Pesquisa encomendada pela Veeam Software aponta os gargalos da digitalização mundo afora. Déficit em talentos também desafia organizações

Carla Matsu

02/06/2020 às 10h30

Foto: Shutterstock

Quase metade das organizações globais estão com suas jornadas de transformação digital prejudicadas devido às tecnologias legadas e não confiáveis, apontou pesquisa da Veeam Software feita com mais de 1.500 empresas globais. Segundo o Relatório de Tendências de Proteção de Dados Veeam 2020, divulgado nesta terça-feira (2), 44% das empresas ouvidas também citam a falta de habilidades no mercado ou conhecimentos de TI como barreiras para o sucesso de suas transformações.

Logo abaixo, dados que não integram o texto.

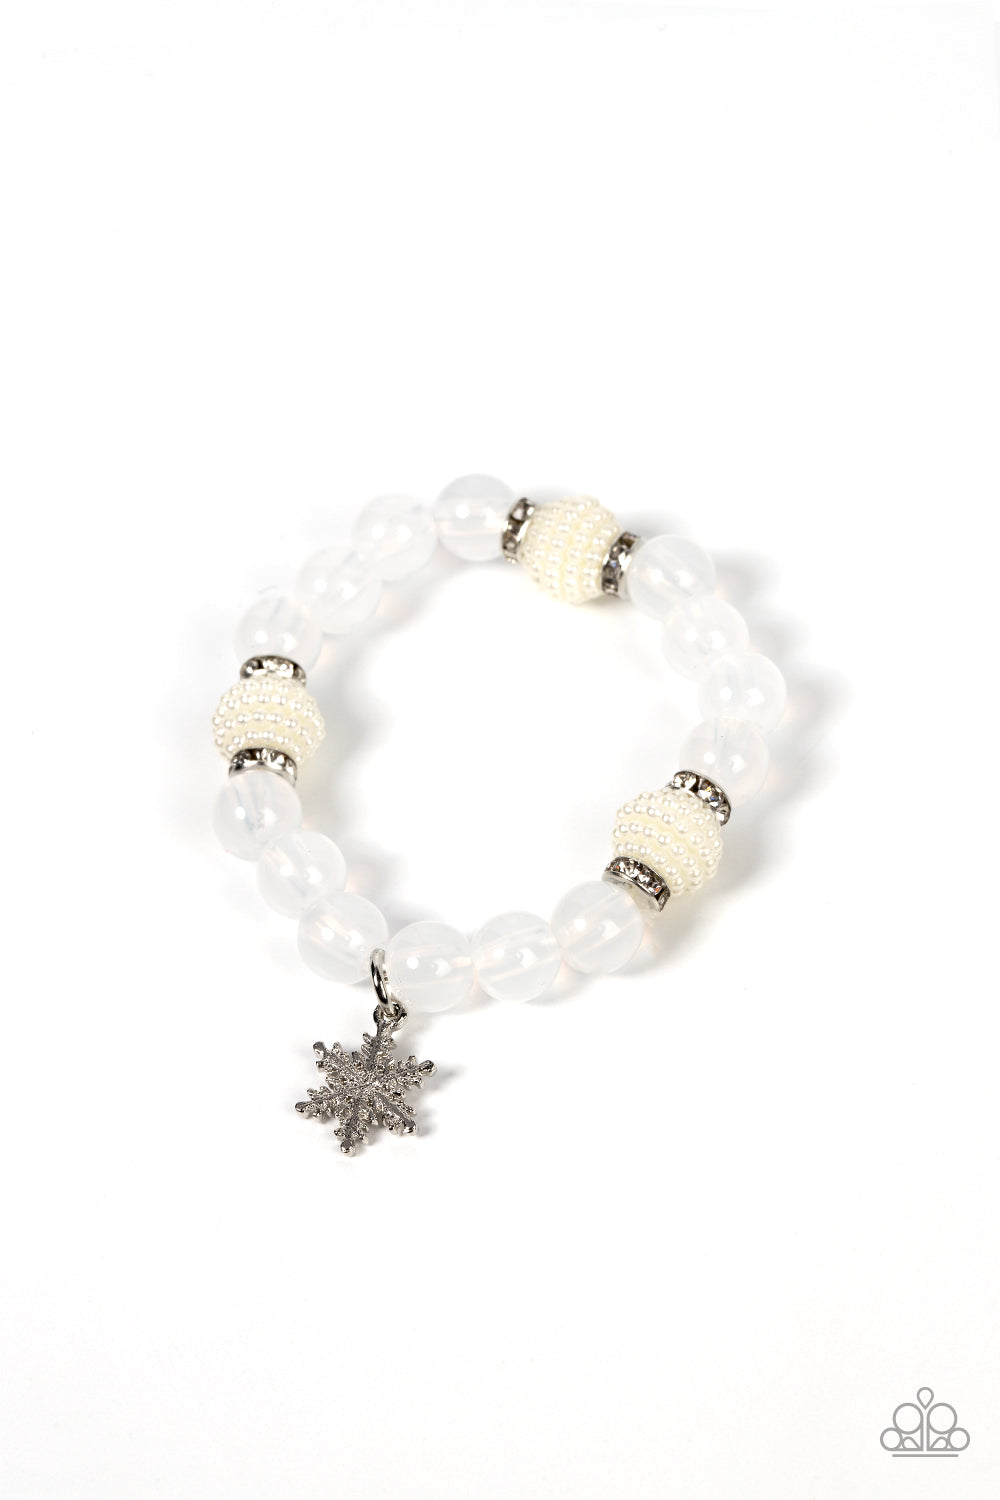 Starlet Shimmer Winter White Snowflake Bracelet ♥ Starlet Shimmer Bracelets ♥
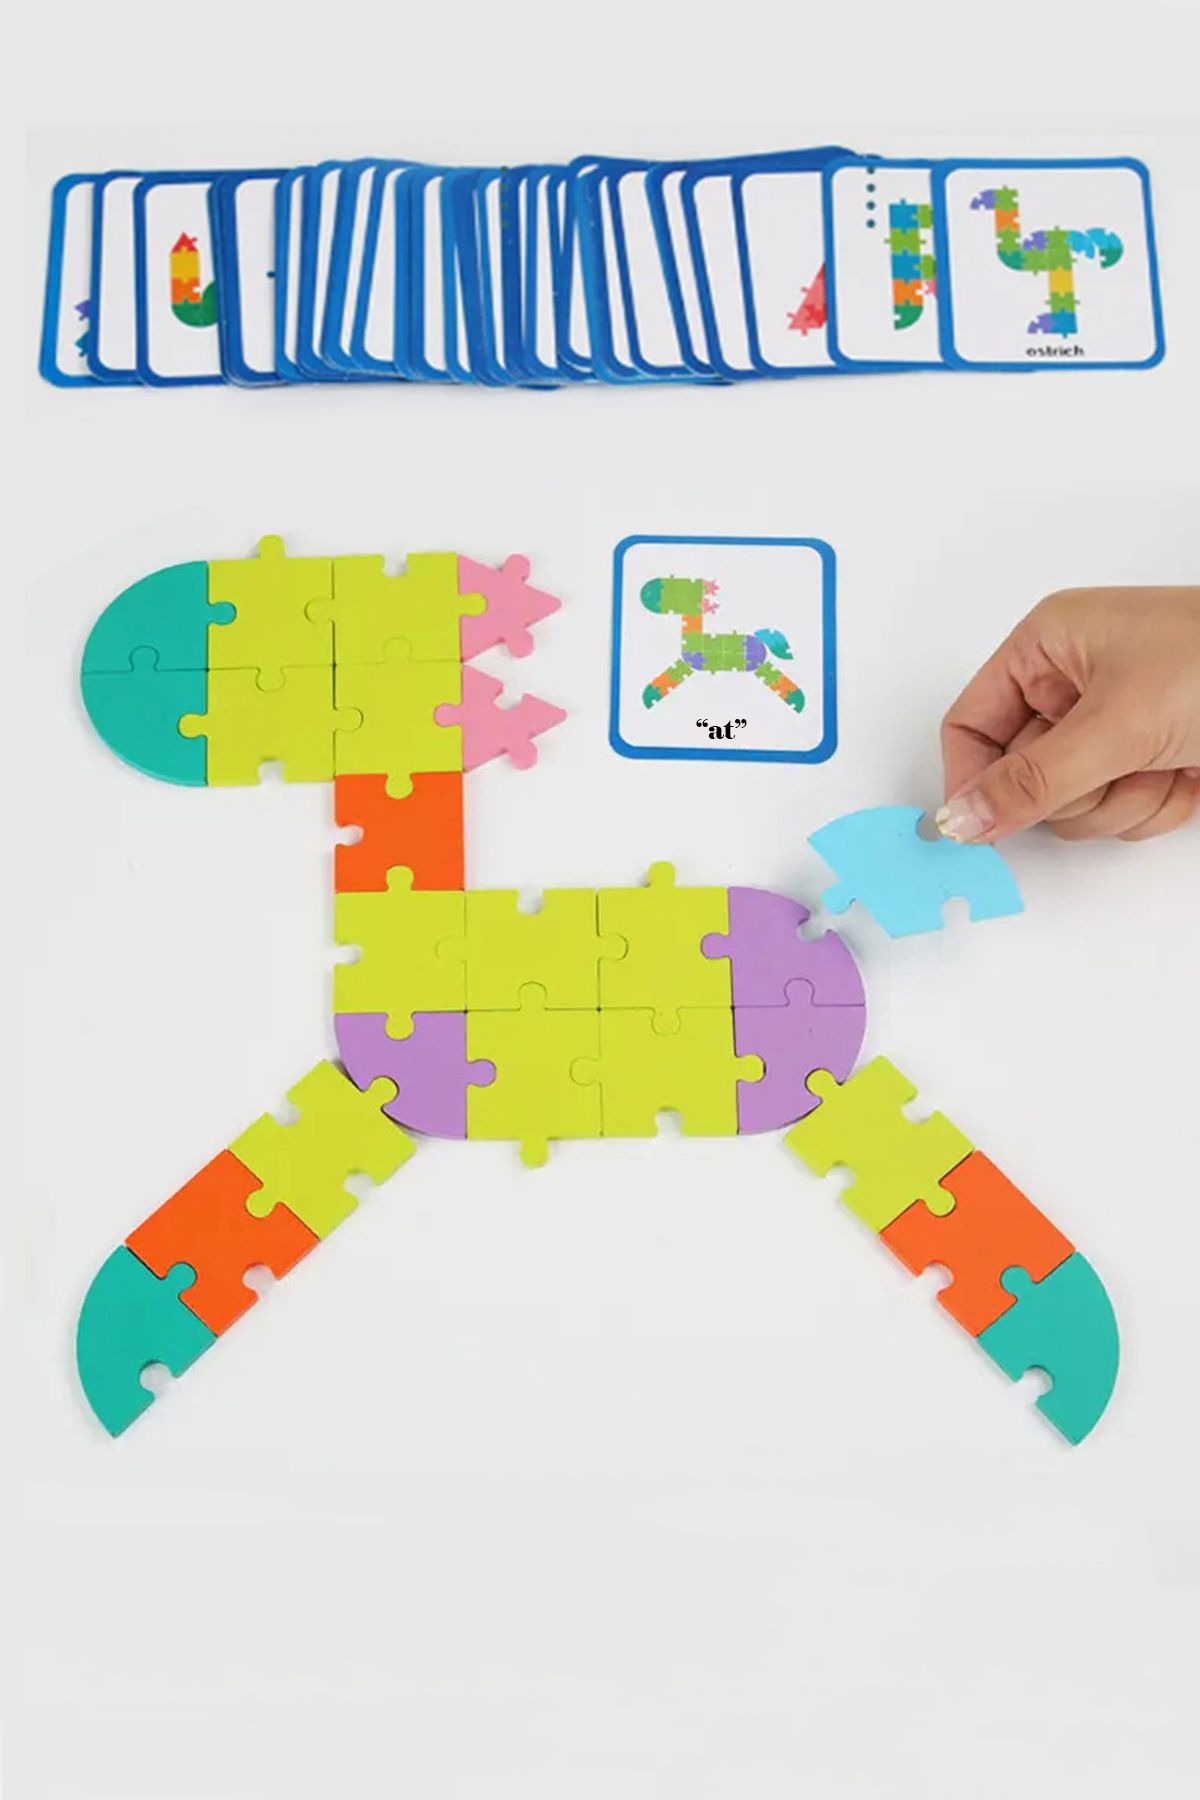 GONCA EĞİTİM Montessori Ahşap Renkli Puzzle Eğitici Oyuncak - Görsel Hafıza Eğitim Materyali

A pesquisa, encomendada pela Veeam, foi conduzida pela Vanson Bourne, e cobriu organizações em 22 países, no início de 2020. Entre os países pesquisados ​​estão o Brasil, Argentina, México, Estados Unidos, Alemanha, França, Japão, China e Reino Unido. O estudo buscou entender a abordagem das empresas em relação à proteção e gerenciamento de dados, ao mesmo tempo questionou como as organizações estão se preparando para os desafios de TI conforme avançam a digitalização.

Apesar de a pesquisa ter sido levantada pouco antes da pandemia de covid-19 forçar o isolamento social pelo mundo, Elder Jascolka, Country Manager da Veeam no Brasil, avalia que os resultados vêm para endossar ainda mais a urgência da digitalização e as diferentes camadas de segurança que ela cobra. Afinal, com equipes descentralizadas em suas casas, investimentos em nuvem e cibersegurança se tornaram mandatório.

"Acelera ainda mais esses processos”, destaca Jascolka ressaltando que os modelos de negócios tradicionais, que não tinham a tecnologia como pilar ou em segundo plano, agora, se veem ainda mais fragilizados. Se entre os principais desafios para avançar a transformação digital nas organizações está a mão de obra hábil para trabalhar com tecnologias atuais, na visão de Jascolka, a pandemia expõe ainda mais o problema. “Você não só precisa de mão de obra especializada como precisa dela em curto prazo”, complementa.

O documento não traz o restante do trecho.